@Brokenhearted2,
Note: I am not a doctor.
He needs treatment from a professional. But, most likely, he has to be the one to seek out that treatment. It is hard for alcoholics to understand what is happening to them. As has been said before,
the first step is admitting he has a problem.
If you can get him to his doctor, maybe start there. Certainly he will get some sort of tests, etc. and the doctor will not love his blood sugar or anything else. You may not have to say a word; a doctor will see a lot when it comes to alcohol abuse. So the doctor can kind of be the bad guy there.

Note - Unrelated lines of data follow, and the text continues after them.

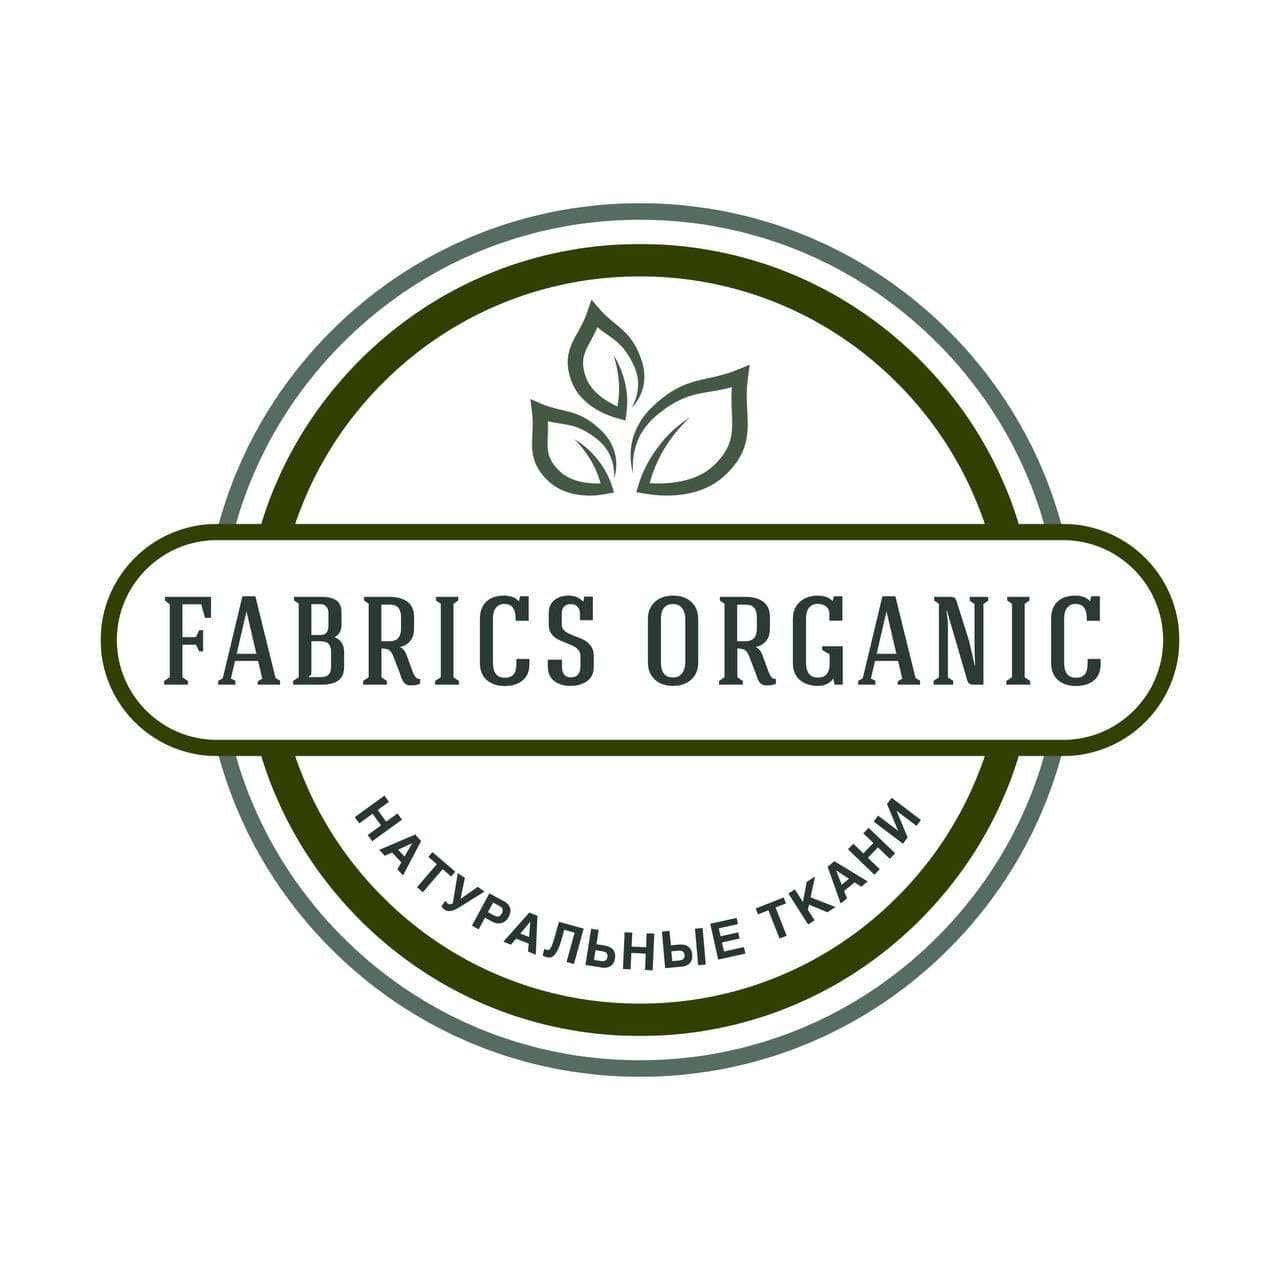 Fabrics organic
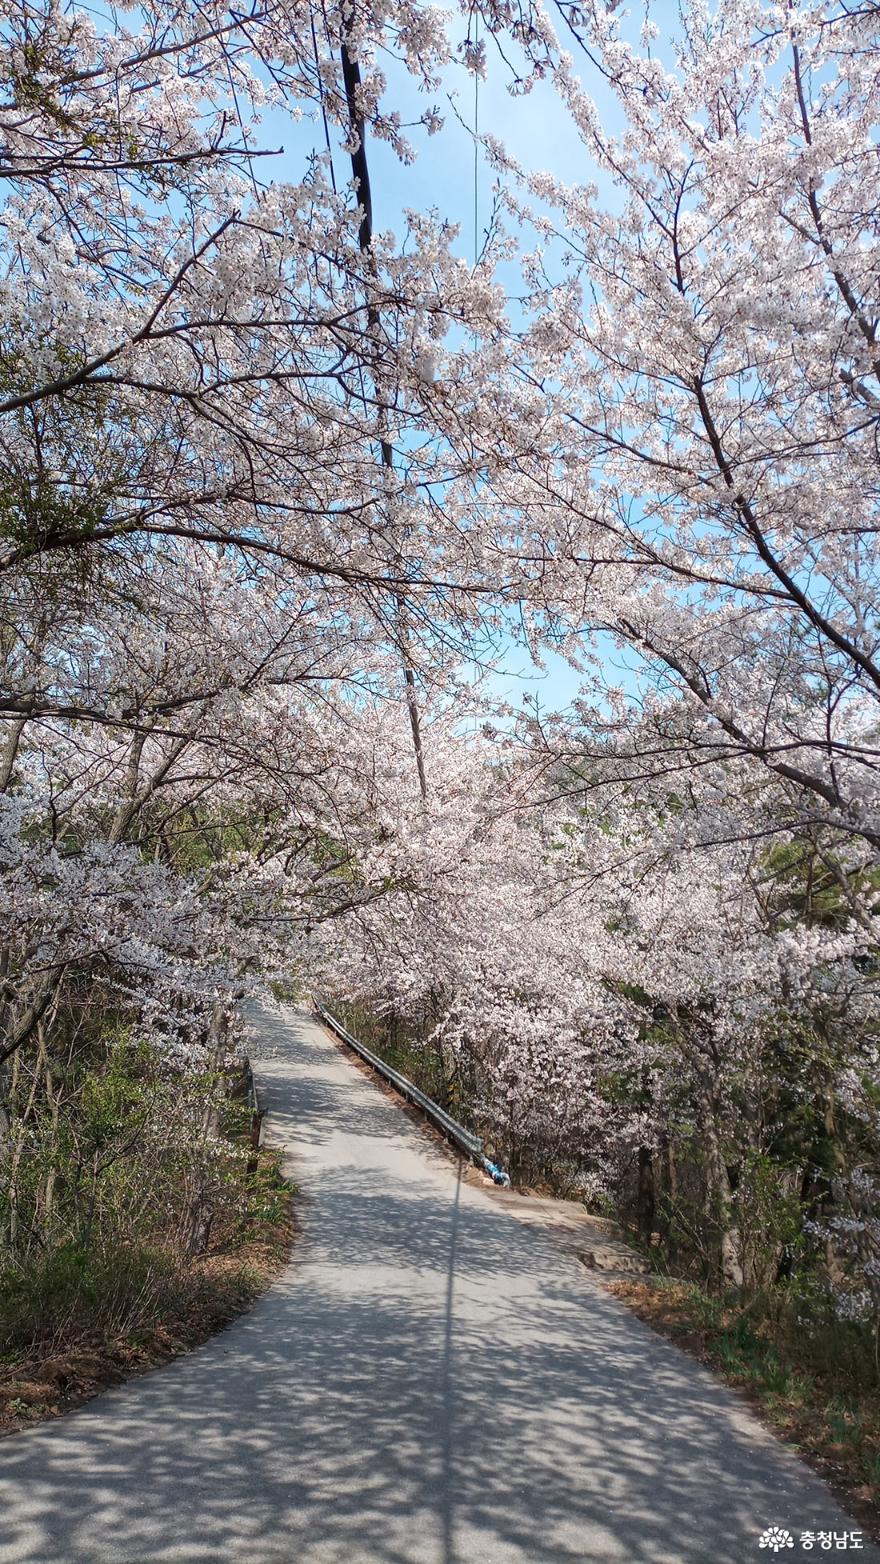 아름다운 벚꽃이 길 따라 피어있다.
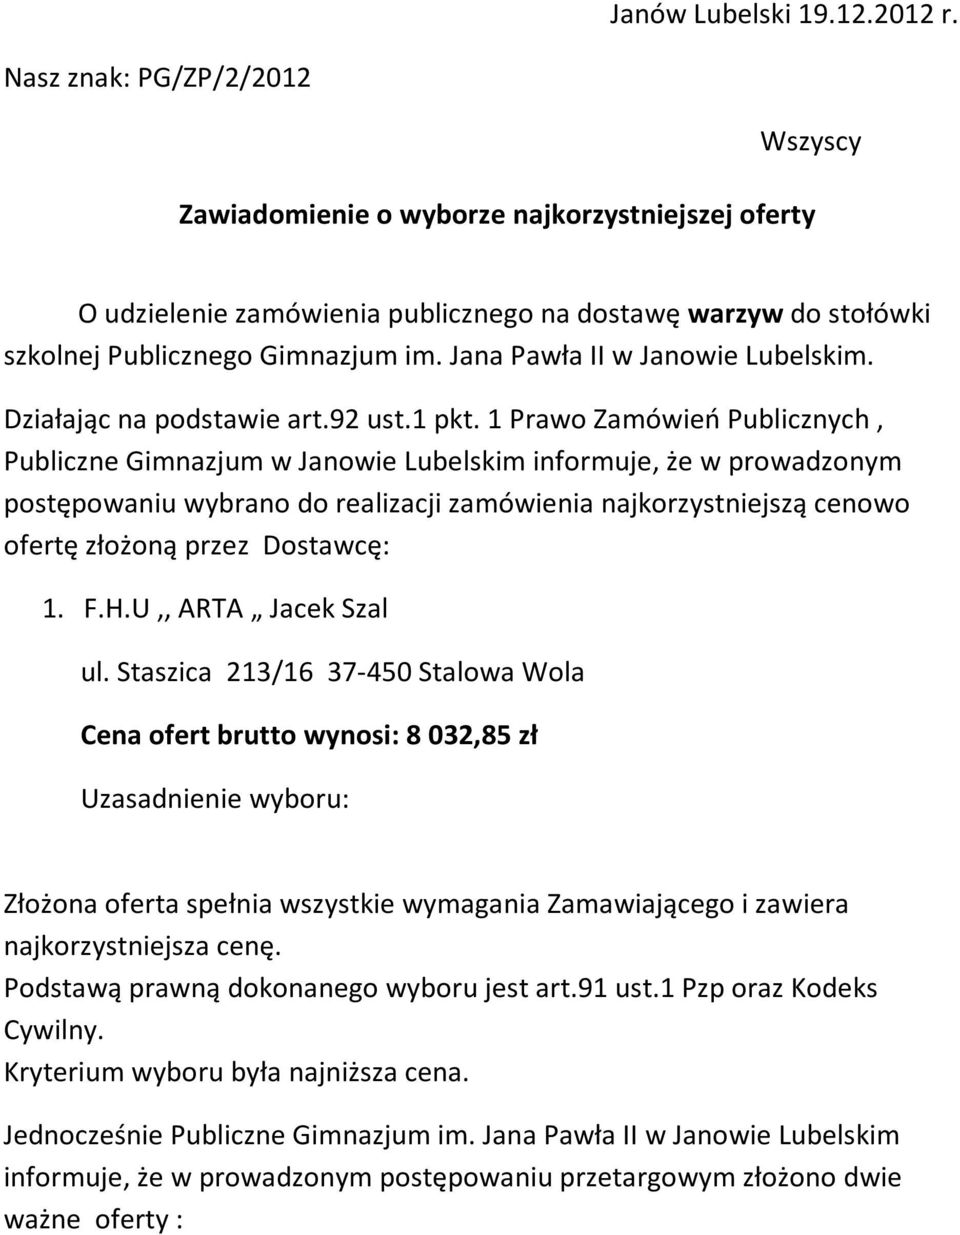 Jana Pawła II w Janowie Lubelskim. Działając na podstawie art.92 ust.1 pkt.
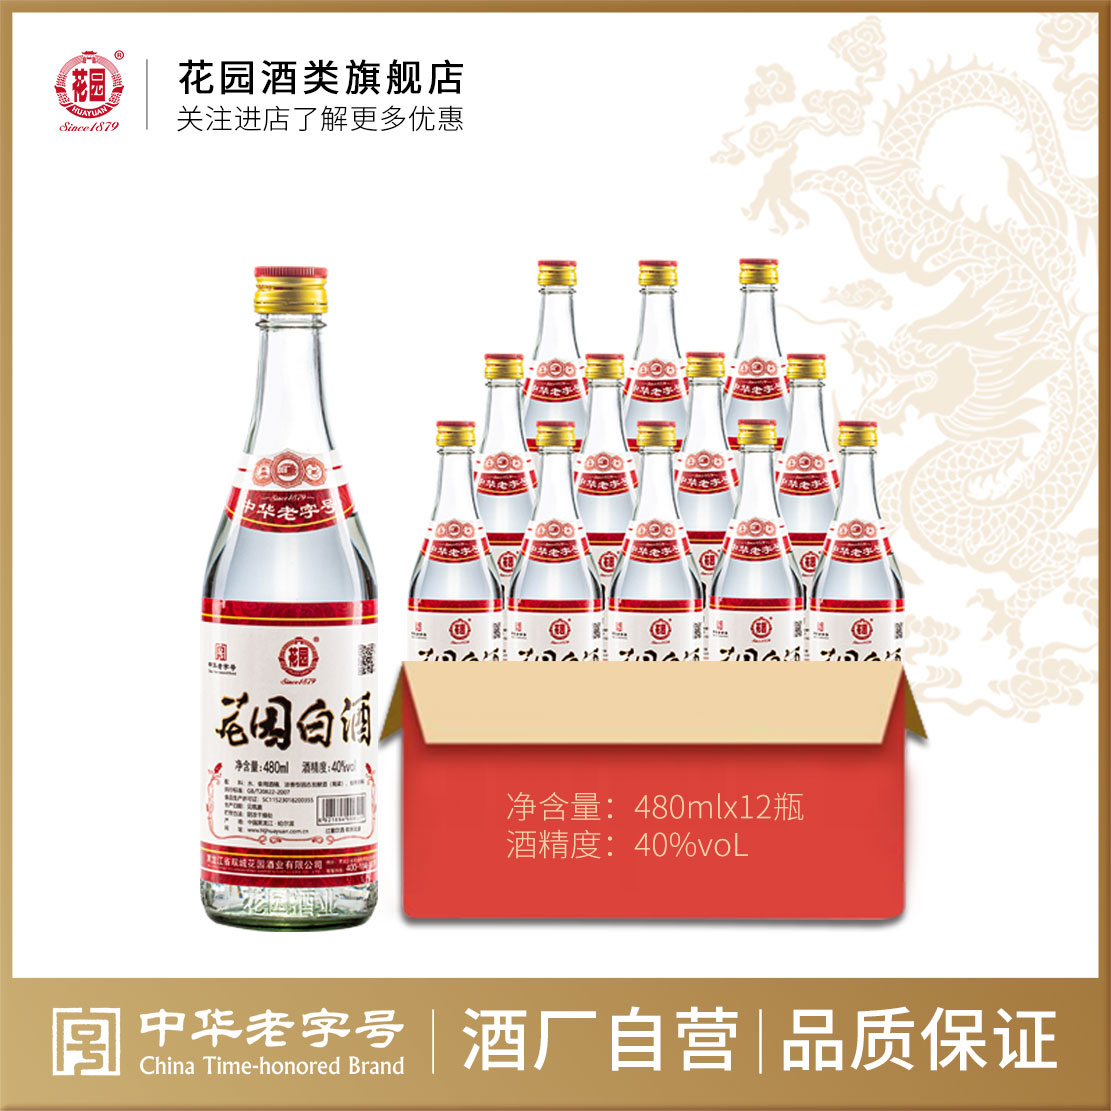 【中华老字号】双城花园白酒 40度 浓香型 东北白酒 480ml每瓶

If he won't go, and he won't go to counseling, then you may need to leave him again. Often an alcoholic needs to climb up from rock bottom because they have been in denial for so long about how 'well' they are functioning as a drunk. This can also happen when they have been enabled by someone, perhaps someone like you. Even if you don't want to facilitate his drinking, you may even be doing so unconsciously. Leaving him and letting him hit rock bottom will make him see that he is not fine at all.
Alcoholics Anonymous is not the only option out there but it is probably the best-known one. Or you can get a referral to a hospital or counseling program from your doctor or insurance company.
As for you, specifically, you might want to check out
Al-Anon's programs for families or, again, talk to your own physician about a coping program for you. Certainly you are being affected, too, and you need to know that you are not alone. And in particular if you have to leave him again, it would be good to have support from people who have been there already. It's got to be tough to watch someone you love hit rock bottom but those folks are experienced in that area.
And of course if you ever feel you are in any physical danger, even if it's from flying debris from him hitting a wall with his fist, then please leave and consider your own physical well-being as a priority.